I actually learned about linear regression from this context as a joke made by colleagues of mine making fun of a dubious "artificial intelligence" solution in the cyber security industry. I decided to do a bit of a dive into linear regression to see how simple it actually was and whether or not it was something that I could learn easily enough.
After all, if I can learn it, it can't be that complicated...
This is another installation of my series on learning mathematics and machine learning. You can view the last article in the series here.
Before we get into it, this blog is based on a tutorial by NeuralNine on YouTube, who did a great breakdown of the mathematical theory of linear regression before writing the code that I will use for the rest of this article. Seriously, go check out his video, it rocks.
What are the goals of linear regression?
In the picture above, you'll see a fairly simple scatter plot for some random data. You'll intuitively notice that the graph trends upwards, meaning that on average the y-value of each data point is trending upward. We can generally think about this average as a line passing through all of the data points, as shown below.

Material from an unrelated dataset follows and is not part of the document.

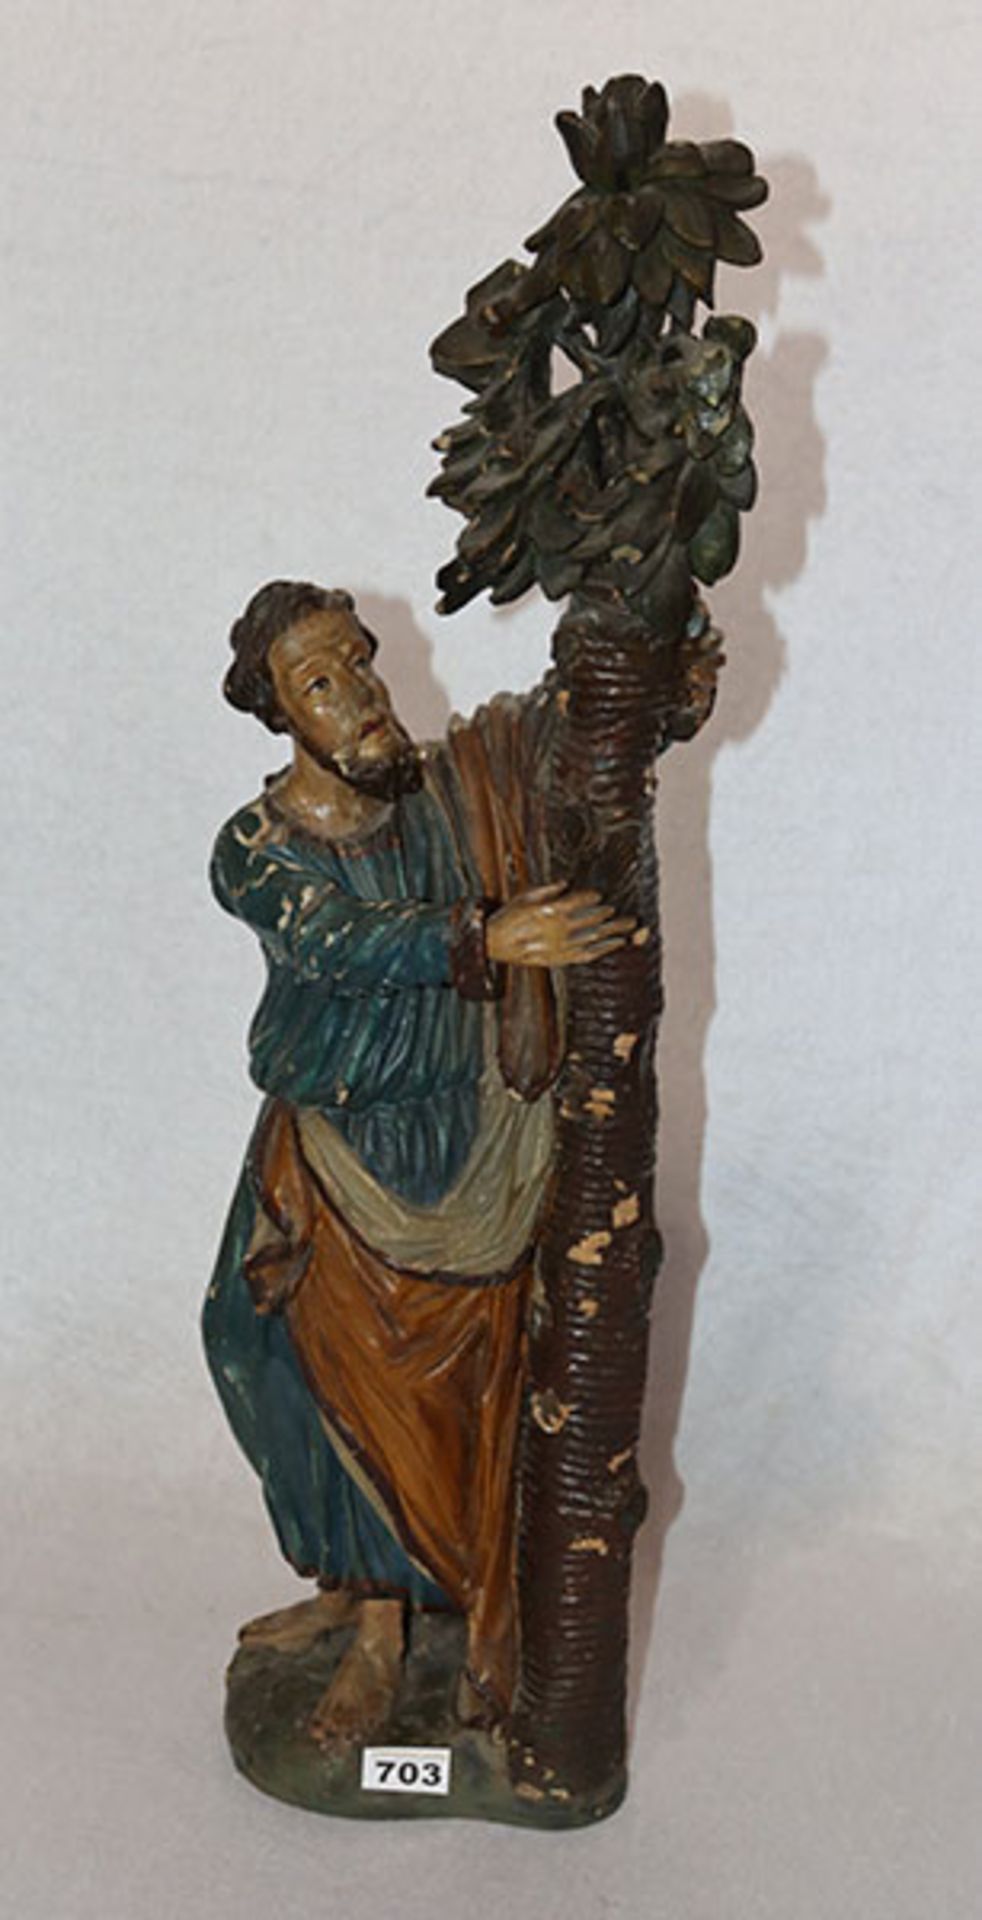 Holzfigur 'Jesus mit Baum', farbig gefaßt, stark beschädigt und geklebt, 19. Jahrhundert, H 75 cm,

Now, if we wanted to use this line for predictions or to describe the data, we would want something a bit better than a line just randomly drawn through the data. We also might want a way to reliably generate that line with any given dataset. In general, how would we construct that line most usefully?
Well, we would want to draw the line in such a way that its distance to as many points as possible is minimized as much as possible. There will obviously be outliers in our data where the distance between that outlier point and our line is relatively large, but in general we want each point y on the line at x to be as close to the actual data point y_actual at x as possible. We can call this minimizing error.
Now, there is a fairly simple formula for calculating the error between a given point on a line and corresponding data at that point.
A crash course in partial derivatives
First off, why do we care about the derivative of our mean squared error algorithm?
Well, our mean squared error function will calculate the average error with a given m and b value. If we were to try to calculate the mean squared error across a range of m and b values, the plot of the values of E, or our mean squared errors, would look like this as m or b increase. It would be a parabola starting at a large number at the lower end of our p and b values approaching zero and then increasing from zero to a much larger number at the other end of our p and b values. What we are interested in is the space where E is as close to zero as possible.
The derivative of a given function gives the value of its slope at any given point. What we are looking for is a place where the slope is zero, which would be the bottom of the curve where the mean squared error is zero.
The process of calculating a derivative of a single-variable function, something like y=7x+12, is fairly straightforward... The problem that we have in our use case here is that we have multiple variables, m and b. We will calculate partial derivatives of the function with respect to m and b separately, and use those functions to find our idea m and b values in the process described below.
The mathematics of linear regression
Alright, now let's talk even more math.
So now things have gotten a bit more complicated. We now have two separate equations to optimize on: the derivative of our mean squared error function with respect to m and the derivative of our mean squared error function with respect to b. We want to optimize on both to find the m and b pair that create the lowest, or at least an incredibly low, mean squared error with our input data.
Let's go back to our visualization of the mean squared error parabola.
We can go ahead and remove half of the parabola: after the slope of the tangent line starts to increase, we aren't interested in the m or b values anymore. We're only interested in the "left" half of the parabola, or the part that represents m and b increasing up until the point that the tangent line's slope is zero.
What linear regression seeks to do is slowly increase the value of m and b from some random starting point by a variable rate known as the learning rate.